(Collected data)
★ ★ ★

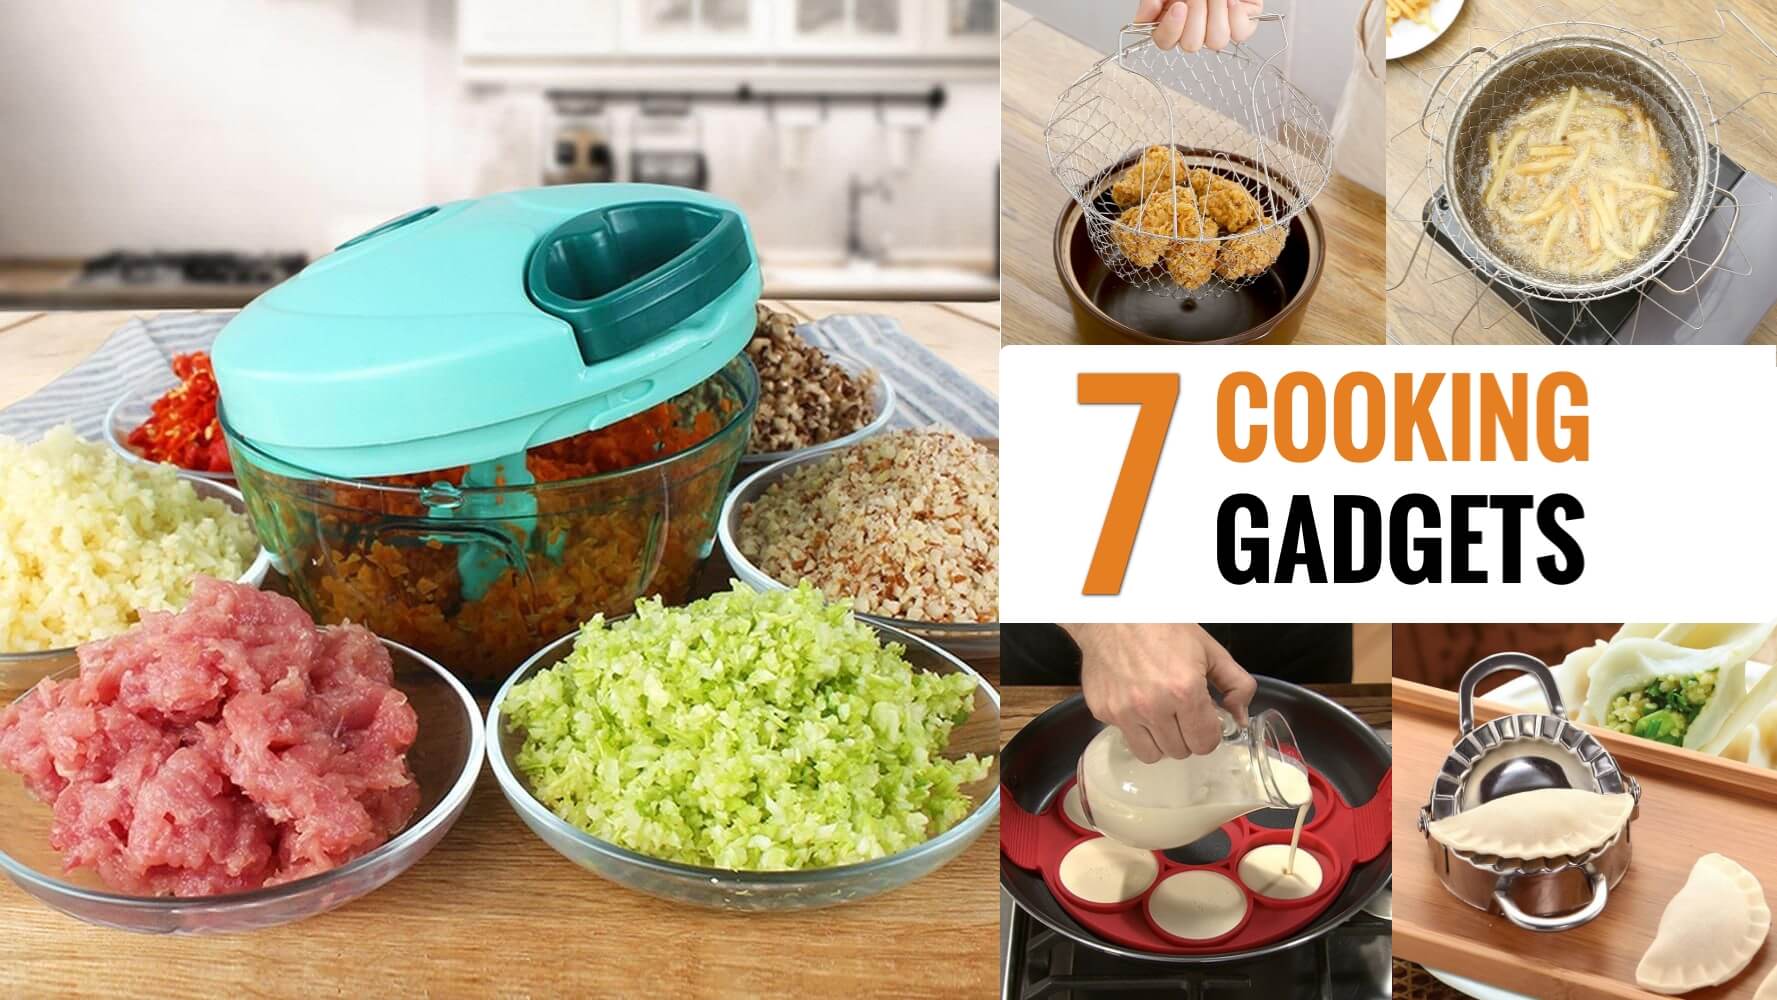 7 Cooking Gadgets that Makes Cooking Fun
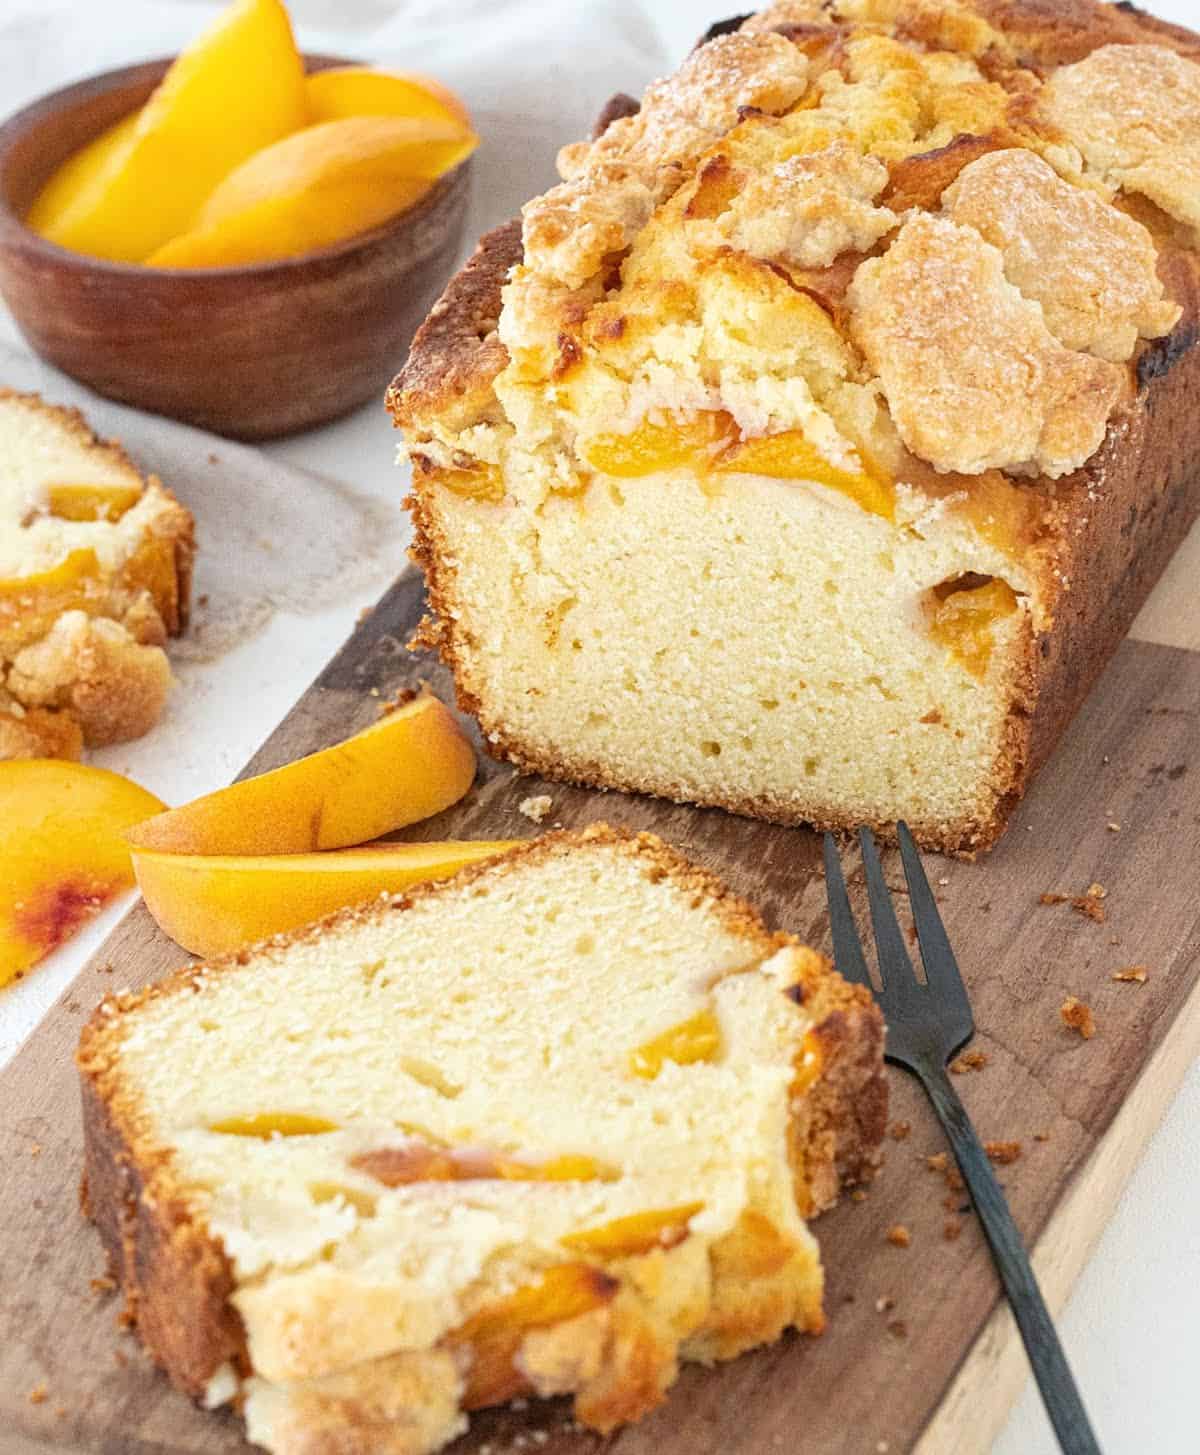 Peach pound cake with a cut slice on a wooden board, small dark fork and peach slices around.
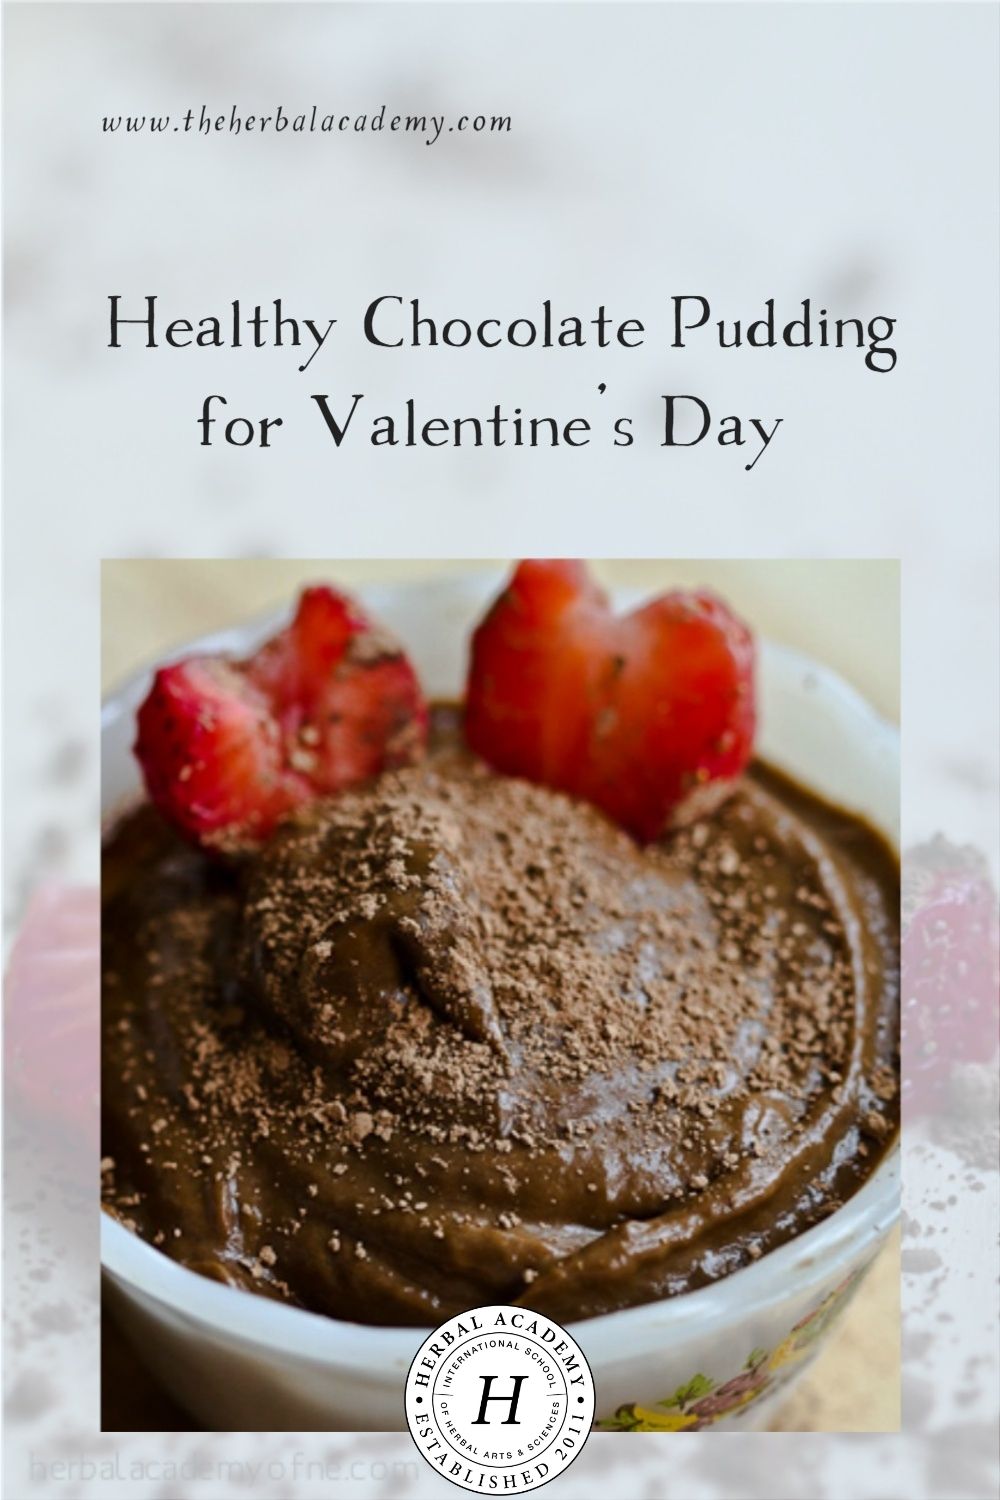 Healthy Chocolate Pudding for Valentine's Day | Herbal Academy | A raw vegan chocolate pudding for V-Day made with avocados and bananas. This rich, healthy chocolate pudding doesn't compromise taste either!
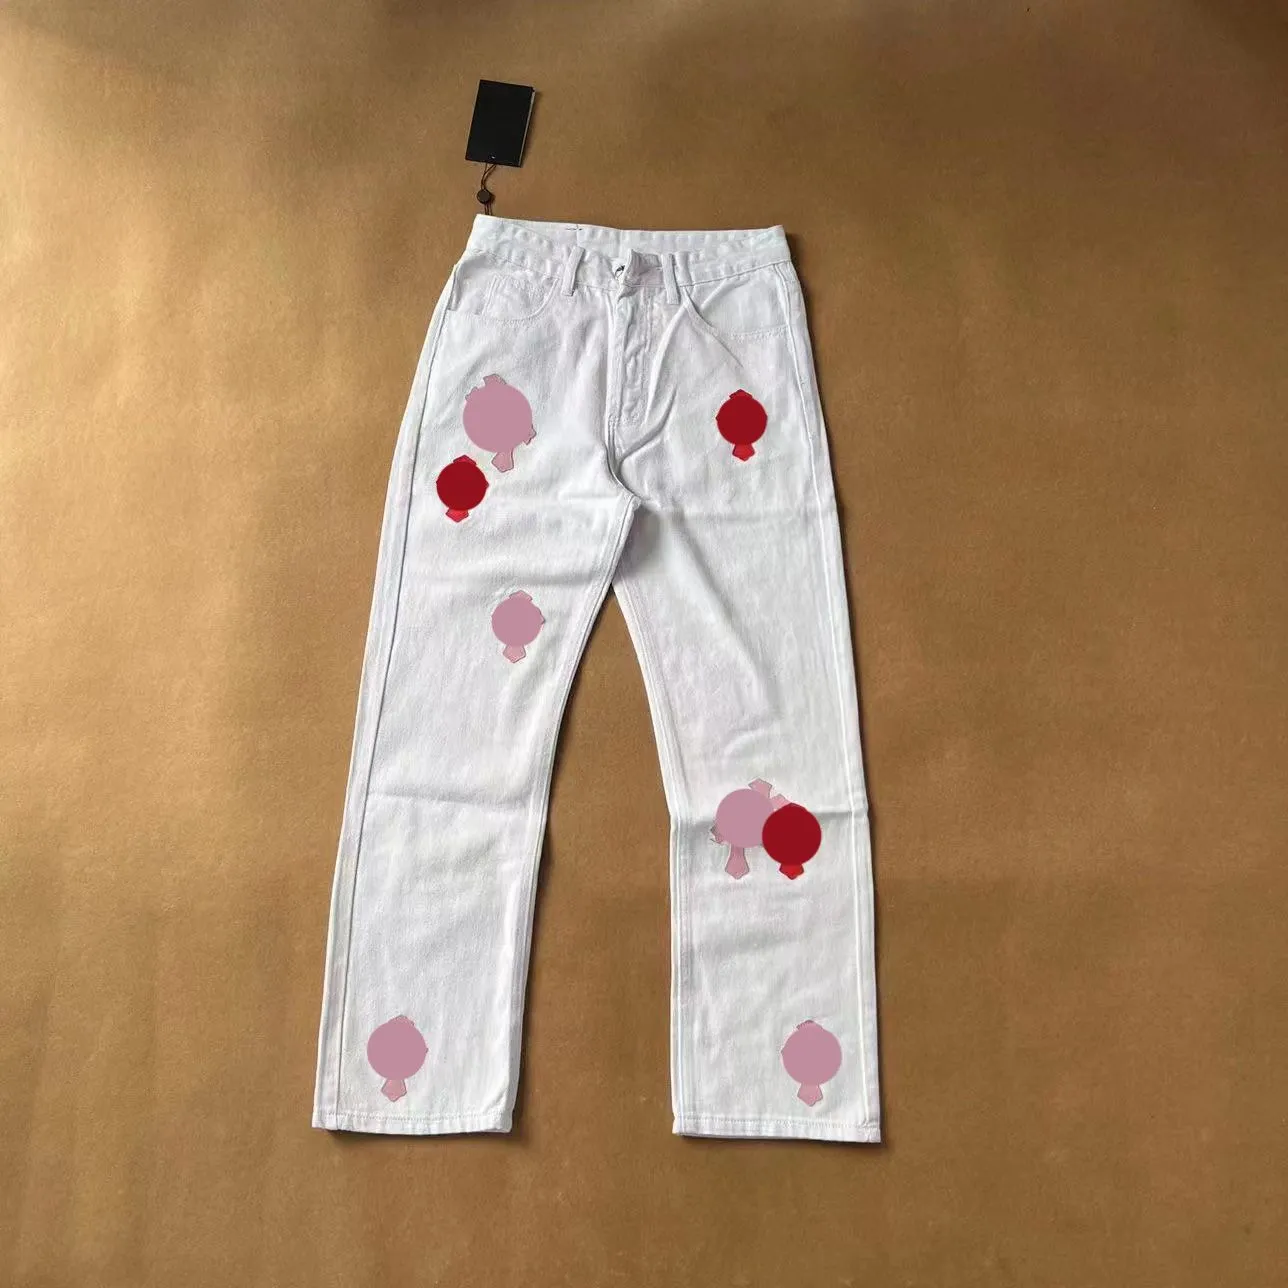 2023 New Mens Designer Make Old Washed Jeans Chrome Straight Trousers Heart Letter Prints for Women Men Casual Long Style
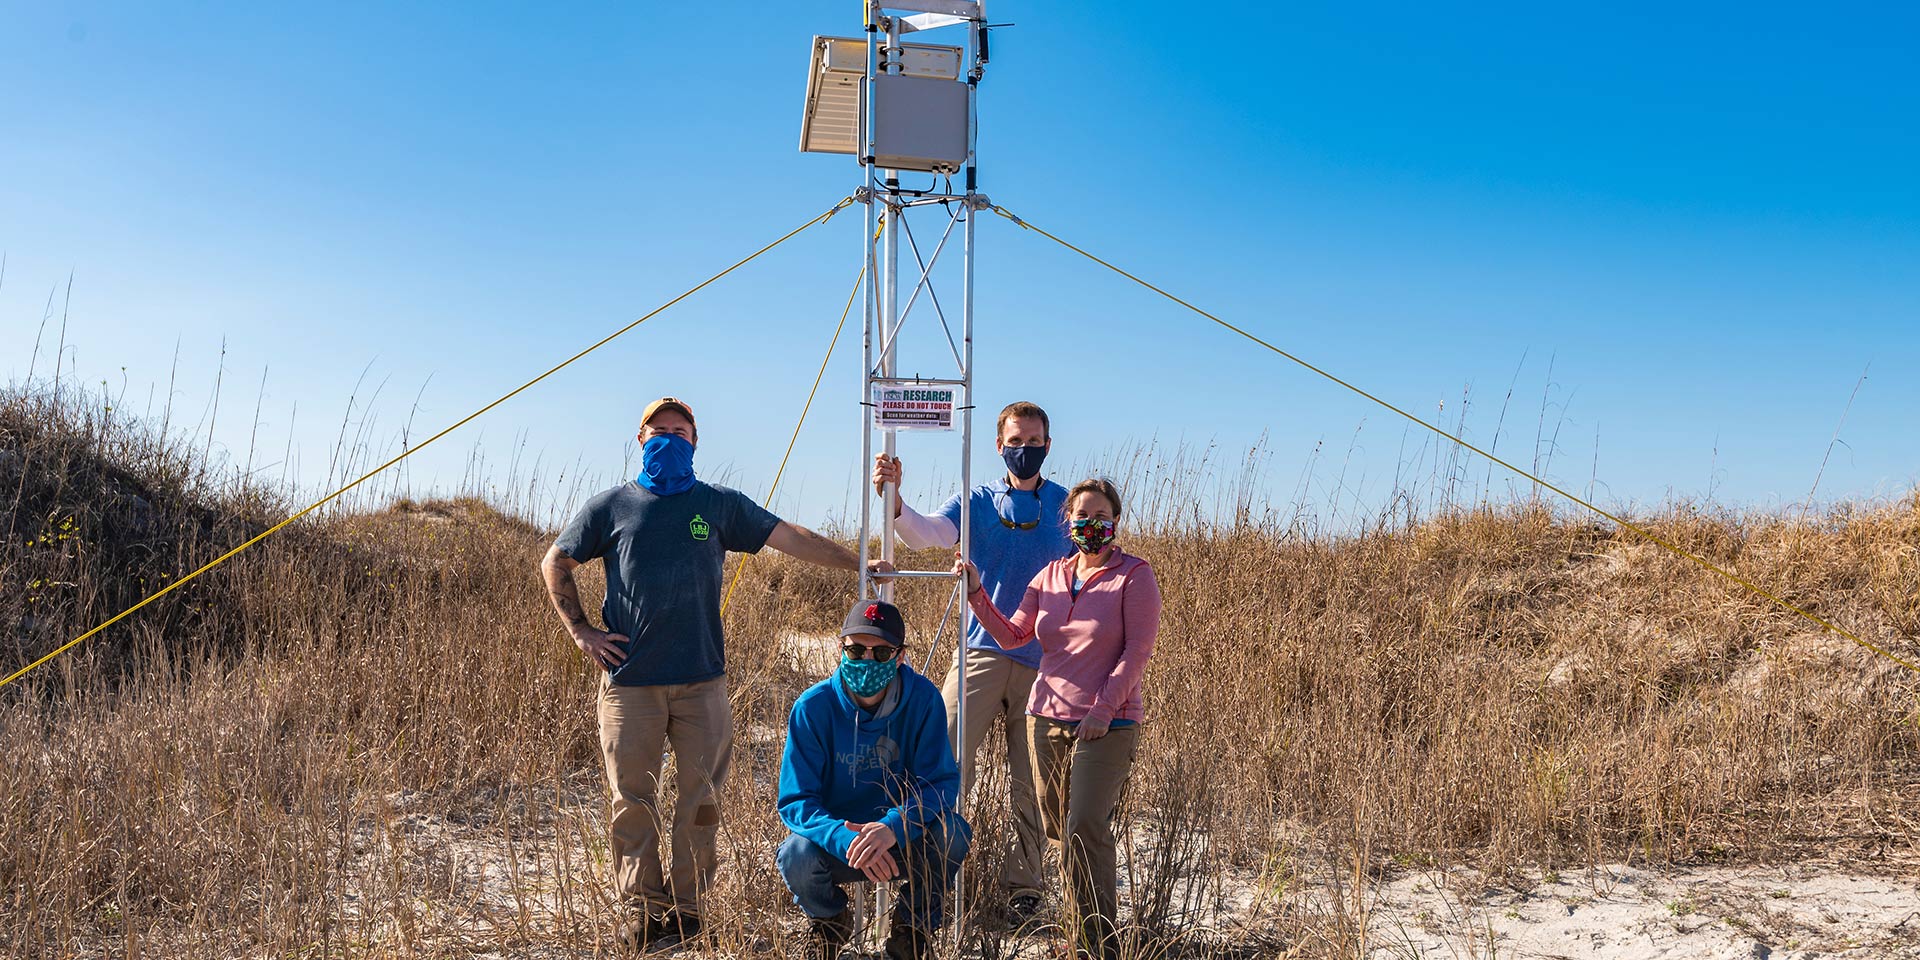 Four people stand next to a weather data tower on a dune

★ ★ ★

> Directions: Retype each line above exactly and leave out any picture.

> Output for this exercise:
 7 Cooking Gadgets that Makes Cooking Fun
 Peach pound cake with a cut slice on a wooden board, small dark fork and peach slices around.
 Healthy Chocolate Pudding for Valentine's Day | Herbal Academy | A raw vegan chocolate pudding for V-Day made with avocados and bananas. This rich, healthy chocolate pudding doesn't compromise taste either!
 2023 New Mens Designer Make Old Washed Jeans Chrome Straight Trousers Heart Letter Prints for Women Men Casual Long Style
 Four people stand next to a weather data tower on a dune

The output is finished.